• _WHAT THIS TASK INVOLVES_: Write out an exact copy of the line containing "Cuticle Tattoos Are" and all lines that follow it in the data below, leaving out pictures.

• _RECORDED INFORMATION_:
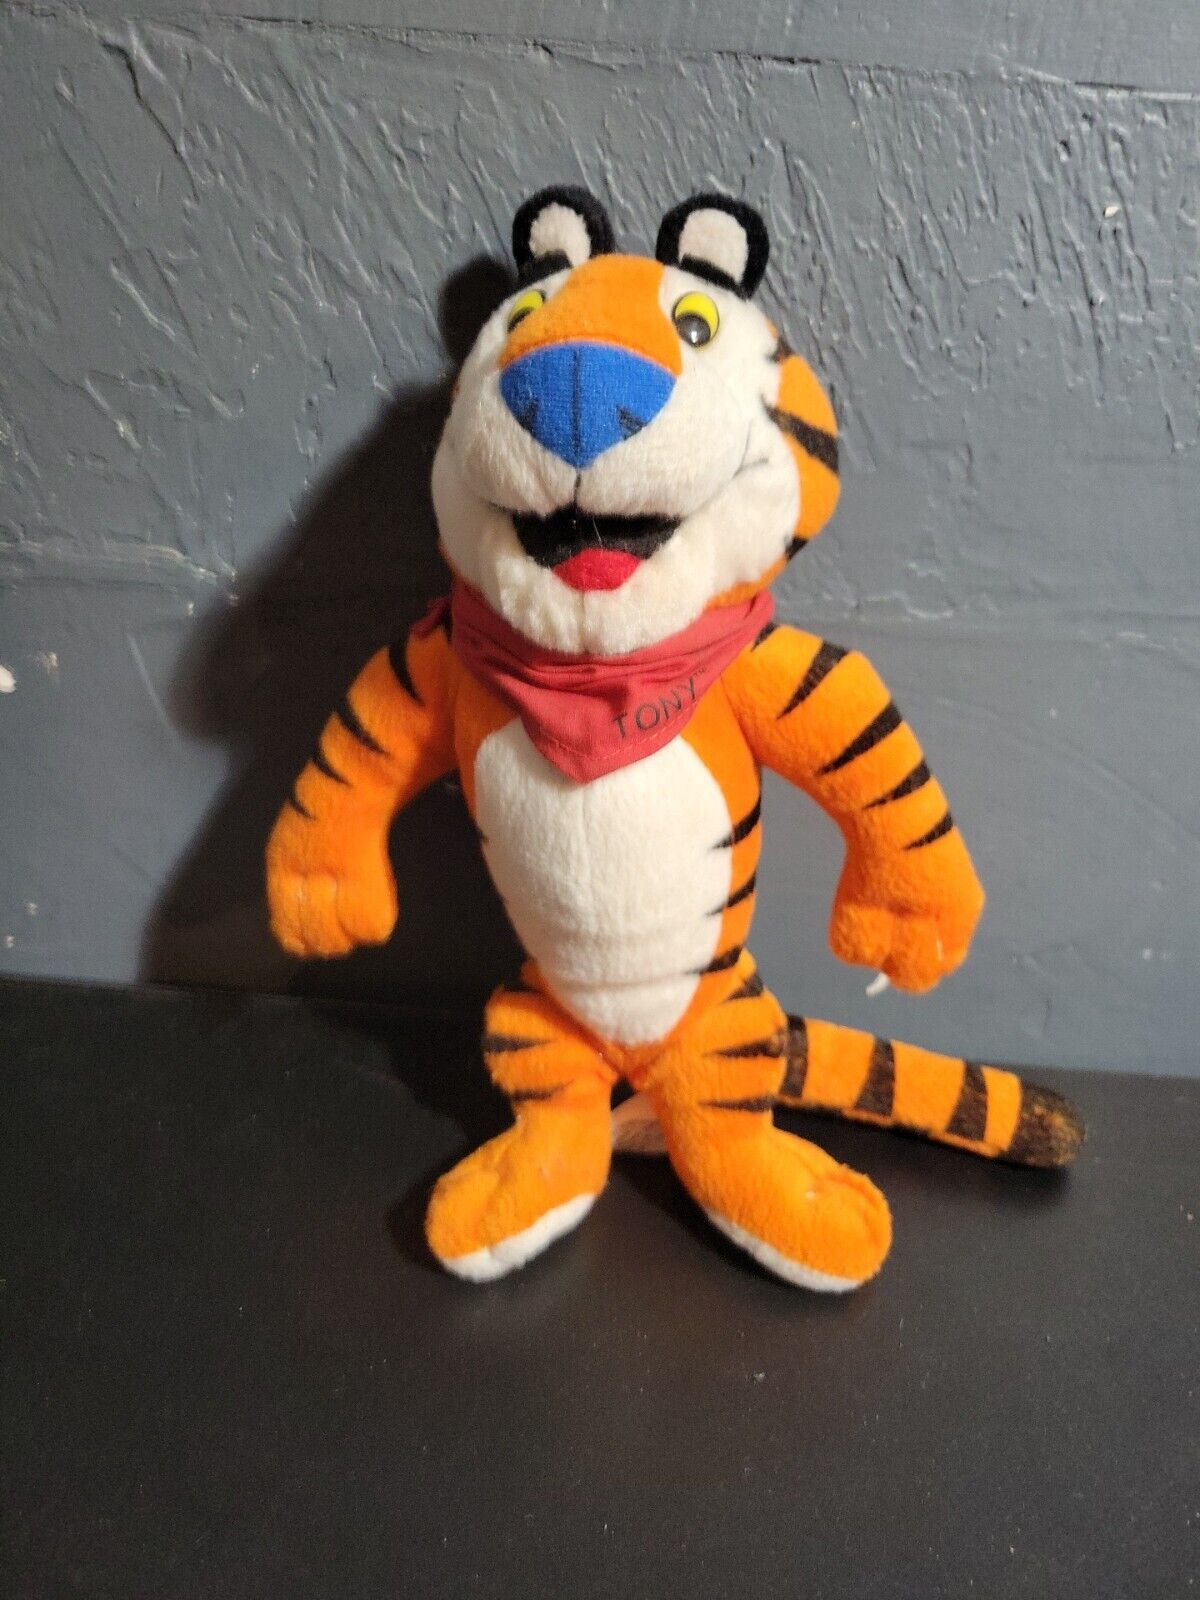 Vintage 1991 1993 Tony the Tiger Frosted Flakes Cereal Plush Stuffed Animal 10”
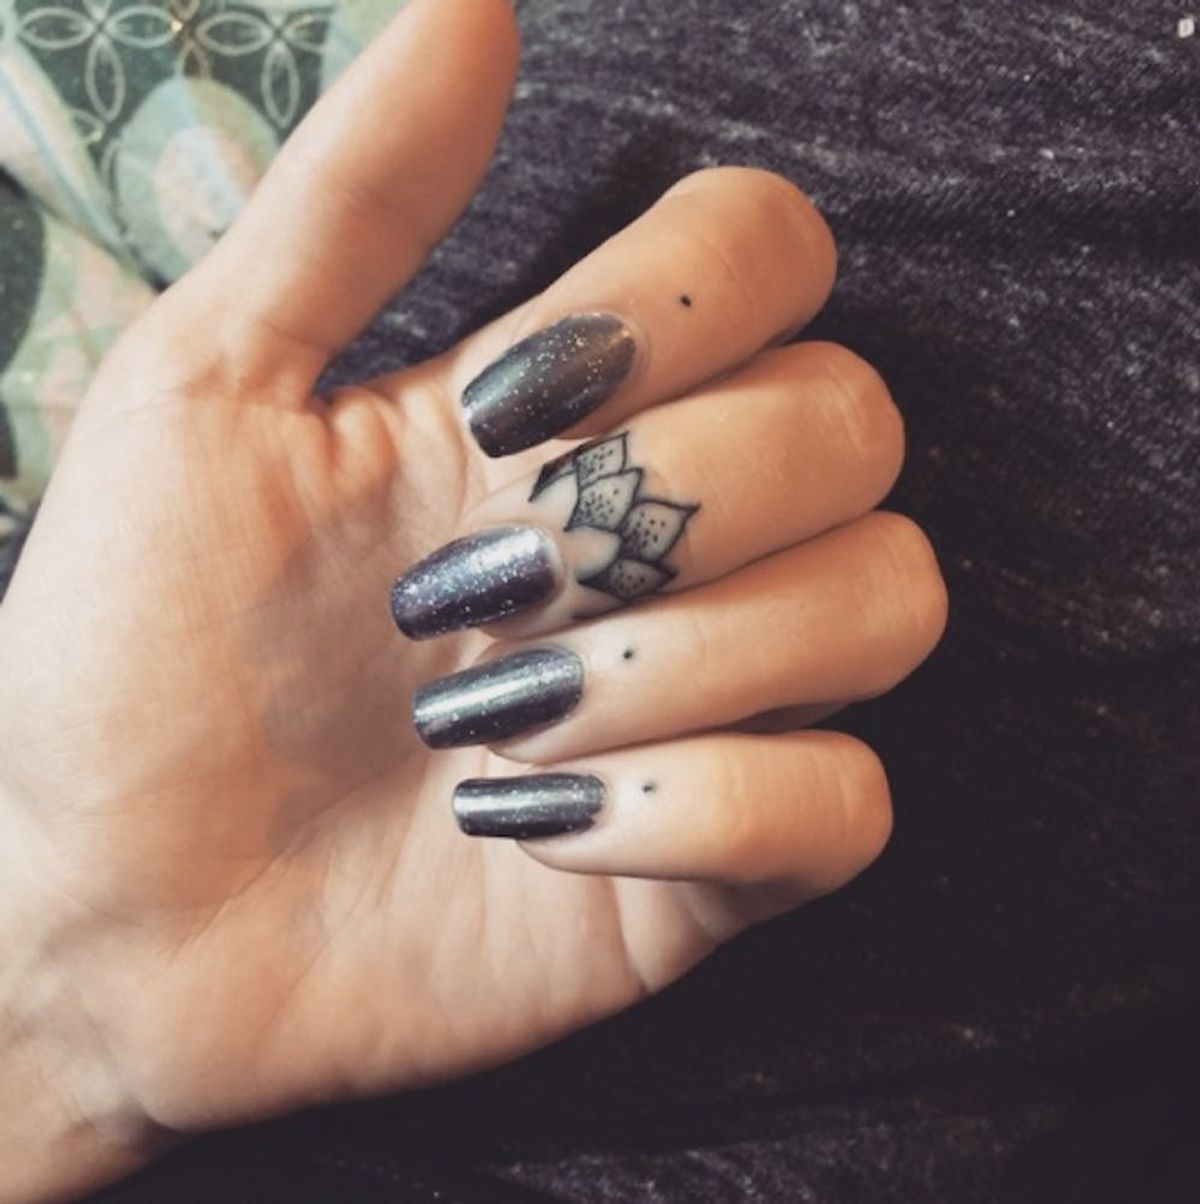 Cuticle Tattoos Are the Unexpected Ink Trend Coming to an Instagram Feed Near You
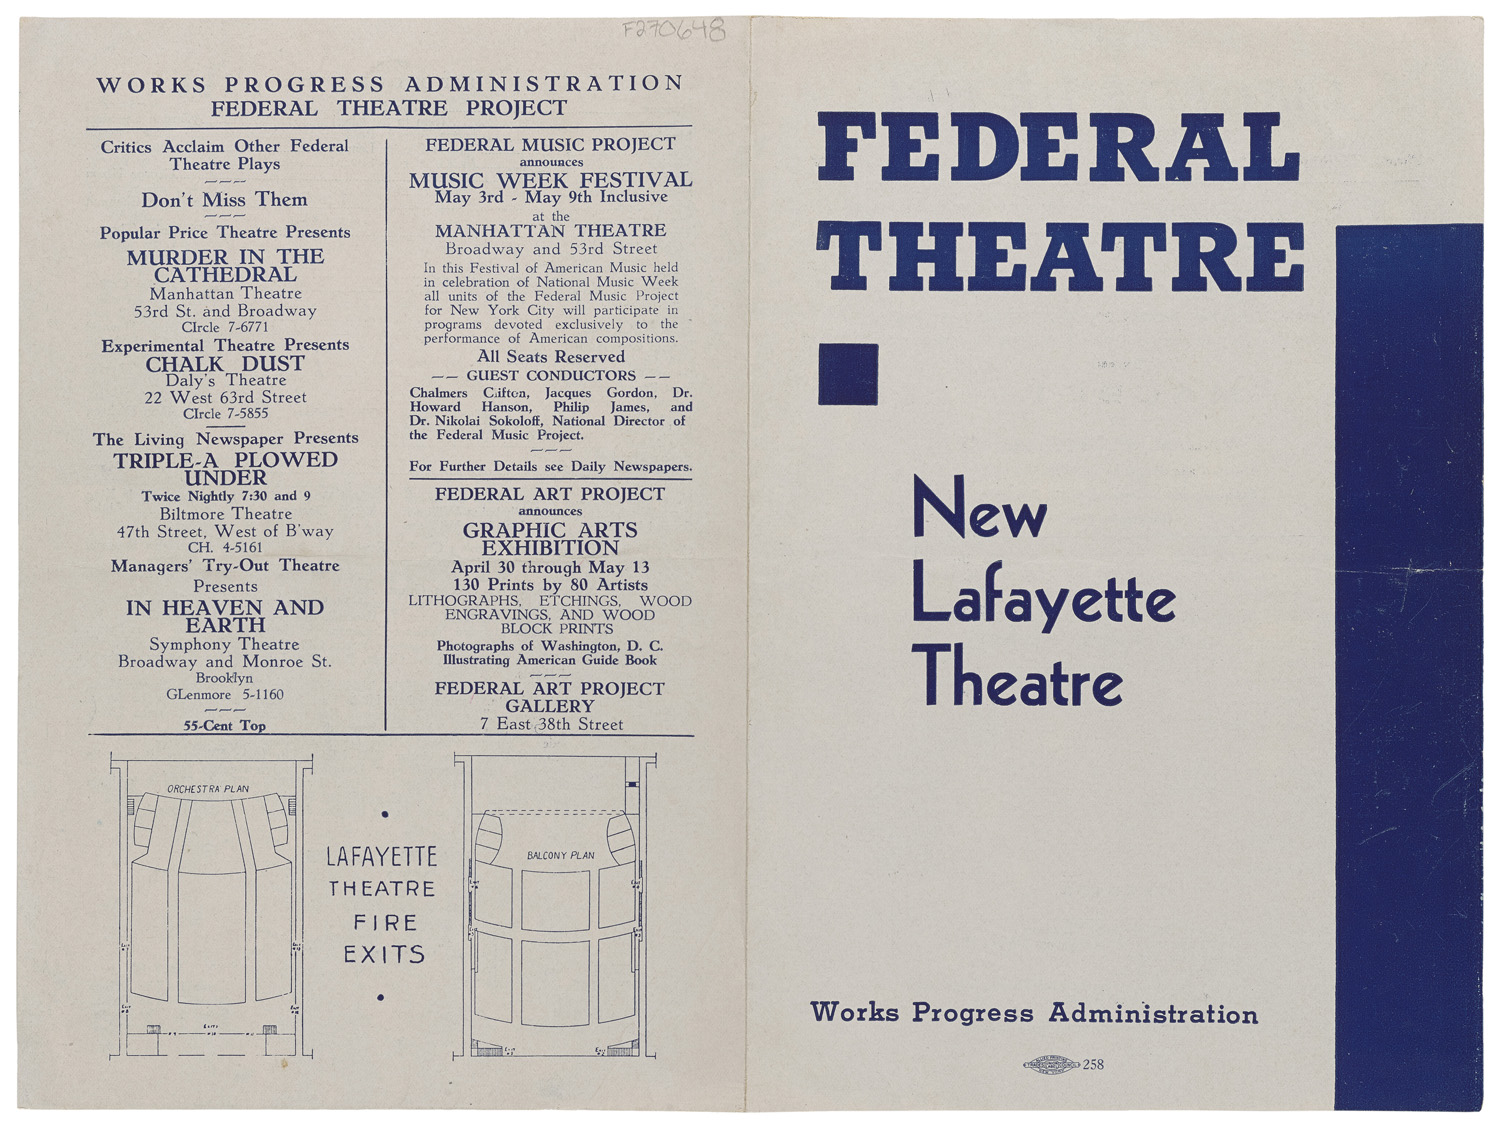 Front and back pages of the program for the WPA Federal Negro Theatre Unit&#039;s initial run of Macbeth at Harlem&#039;s New Lafayette Theatre, starring Jack Carson as Macbeth

• _RESULT FOR THIS TASK_:
 Cuticle Tattoos Are the Unexpected Ink Trend Coming to an Instagram Feed Near You
 Front and back pages of the program for the WPA Federal Negro Theatre Unit&#039;s initial run of Macbeth at Harlem&#039;s New Lafayette Theatre, starring Jack Carson as Macbeth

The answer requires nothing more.